Next, the inhibition of viral replication by the protease inhibitors was analysed. The cells were incubated with the compounds and subsequently infected with SARS-CoV-2 at a multiplicity of infection (MOI) of 1 and incubated for three days, as described before [14,15,17]. Viral stocks contain non-infectious viruses that remain in the supernatant and influence the quantification of the viral genome. Thus, the medium was replaced 24 h after infection by a medium containing the respective test compounds to remove these defective viruses, which would influence the determination of viral genome copies. The cell culture supernatants were collected 72 h after infection, the viral RNAs were isolated, and genome copy numbers were determined by quantitative reverse transcriptase polymerase chain reaction (RT-qPCR). As expected, the observed suppression of viral replication did not correlate with the IC50 values determined in the in vitro enzyme assays (Table 1 and data in [5] since uptake and export limit intracellular drug concentrations.

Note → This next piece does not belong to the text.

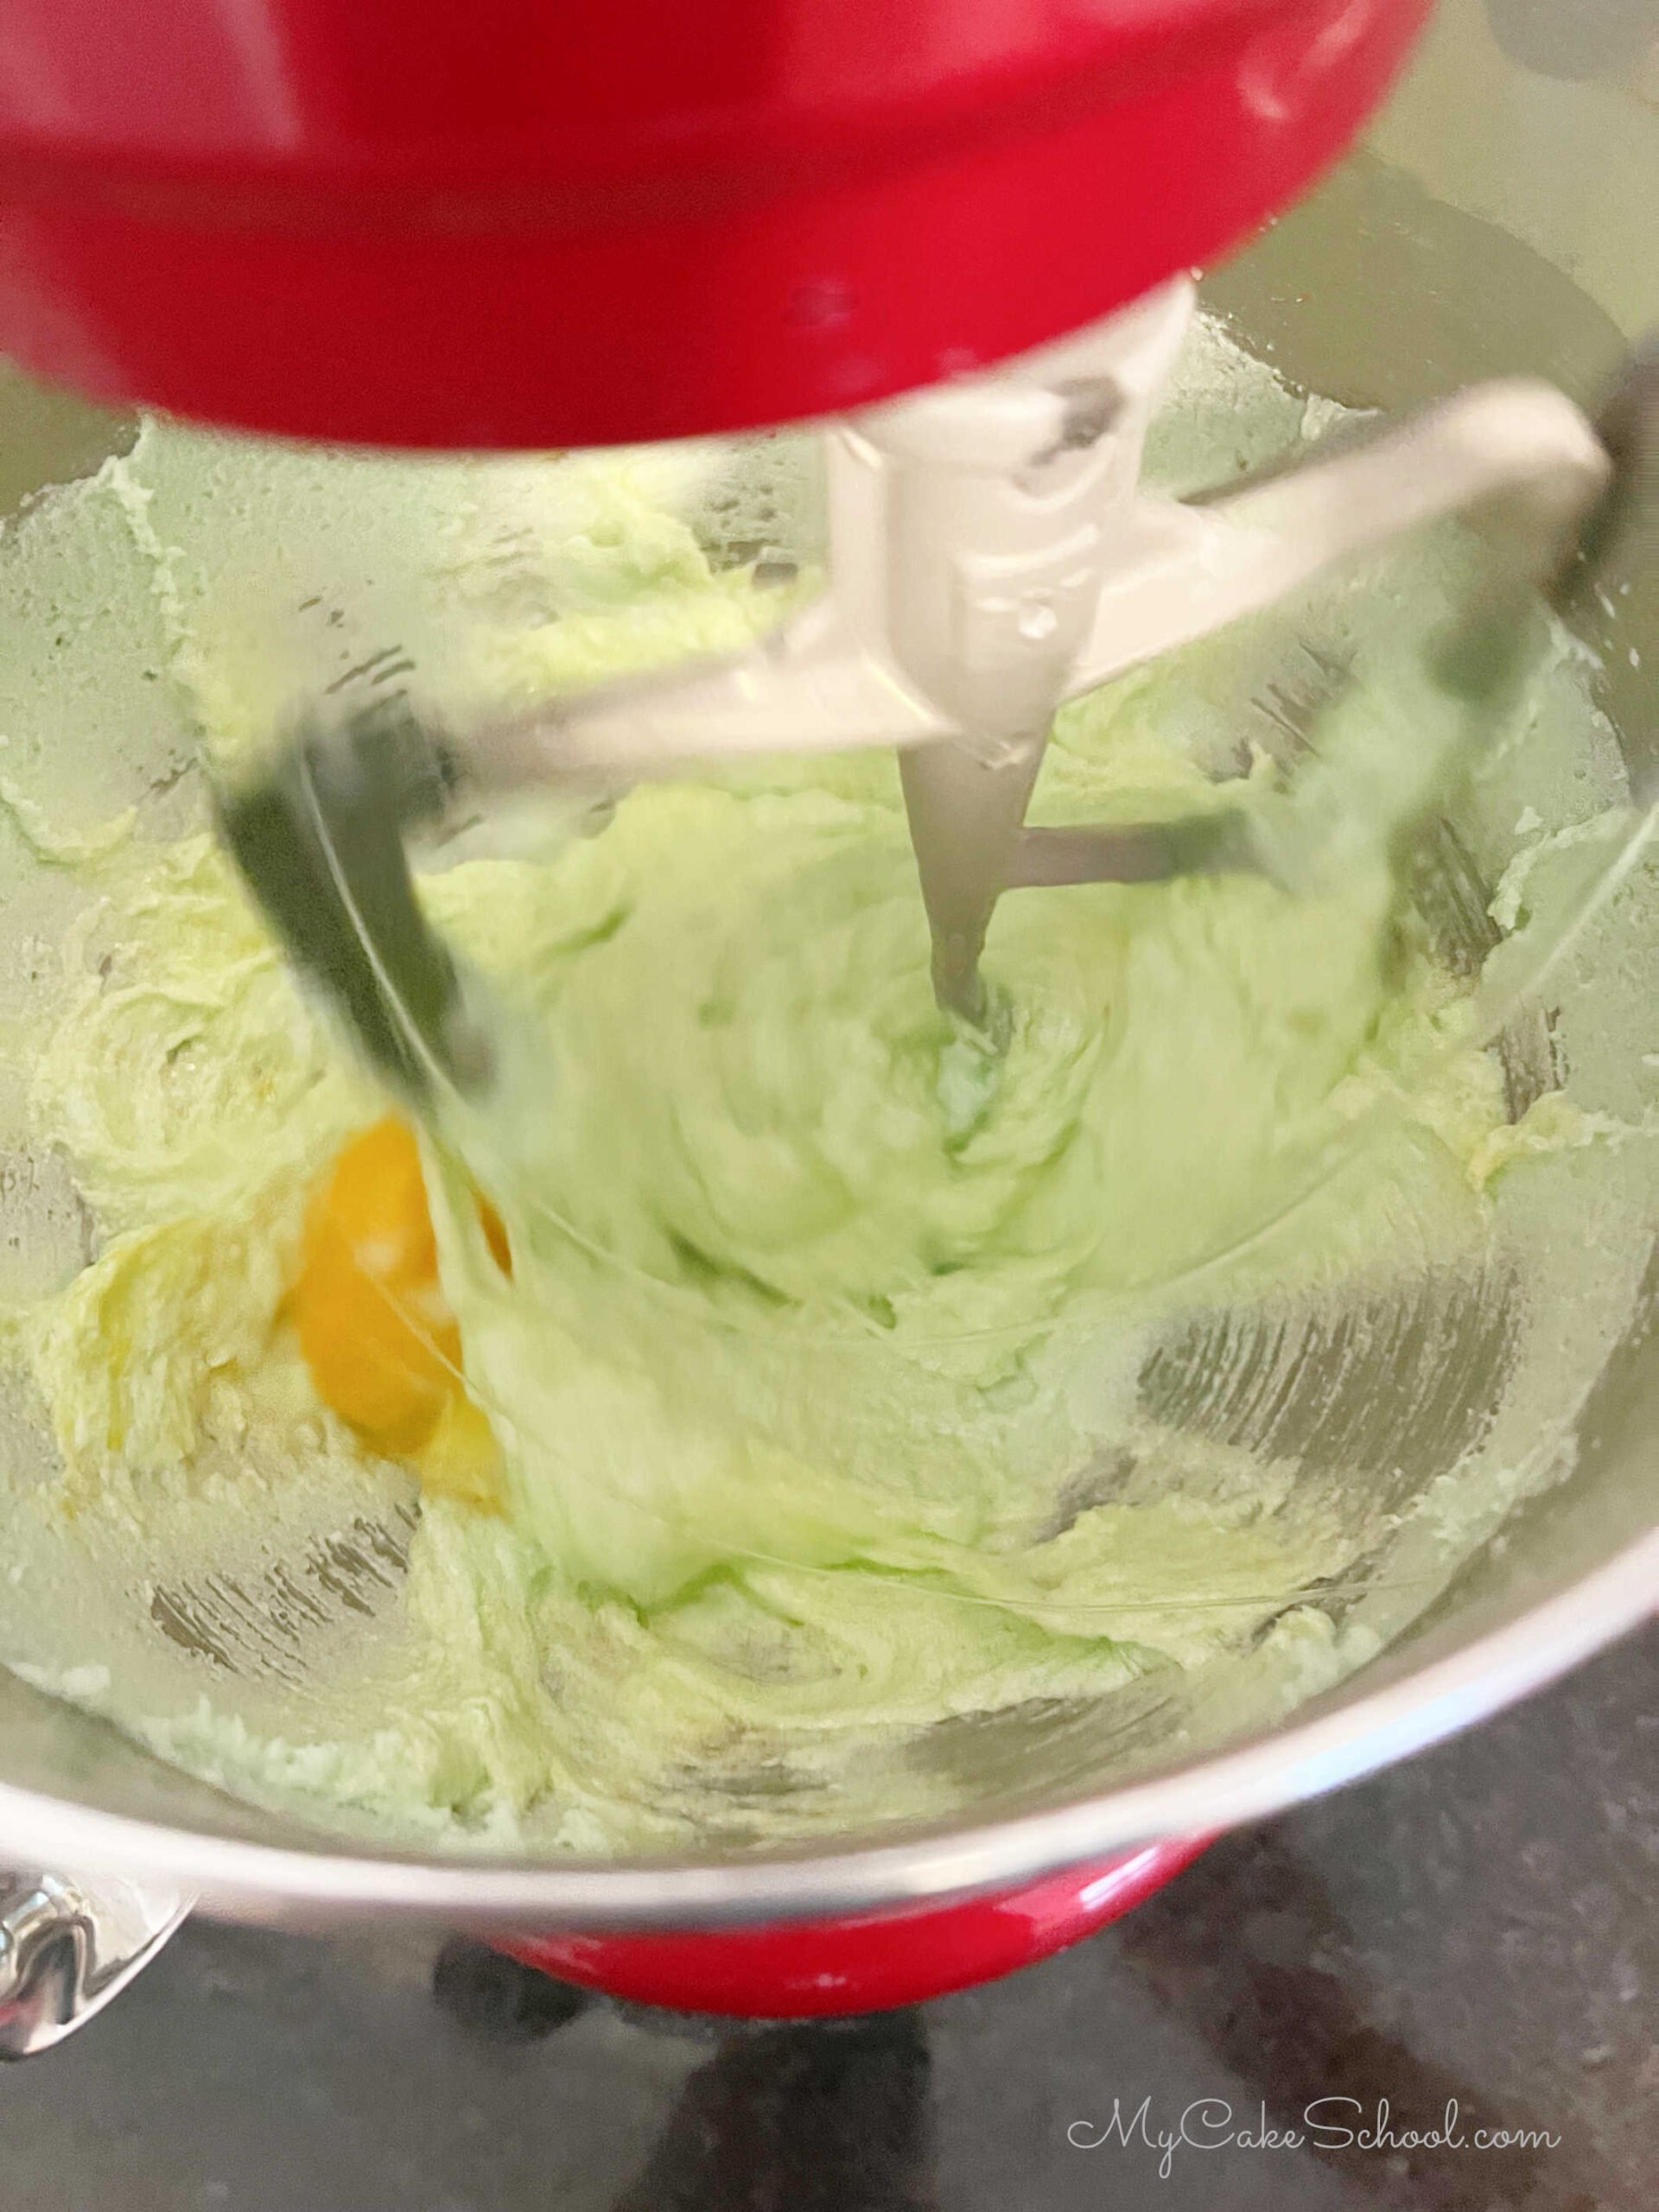 Adding eggs to the butter, sugar, and jello mixture.

The protease inhibitors 4 and 5, which contain a fused thiophene or furan ring (Figure 1), failed to suppress SARS-CoV-2 replication in all three cell lines (Table 1). The analogous indole derivative 1 was only moderately active. In contrast, the chloro-substituted inhibitors 2 and 3 showed better antiviral activity, indicating the advantageous electron-withdrawing effect of the substituents, which increases the electrophilicity at the ester carbonyl carbon (Figure 1 and Table 1). Disulfiram, used as a control, was effective in Vero and Huh-7 cells, similar to the recently published data with 293T-ACE2 and Vero E3 cells [18].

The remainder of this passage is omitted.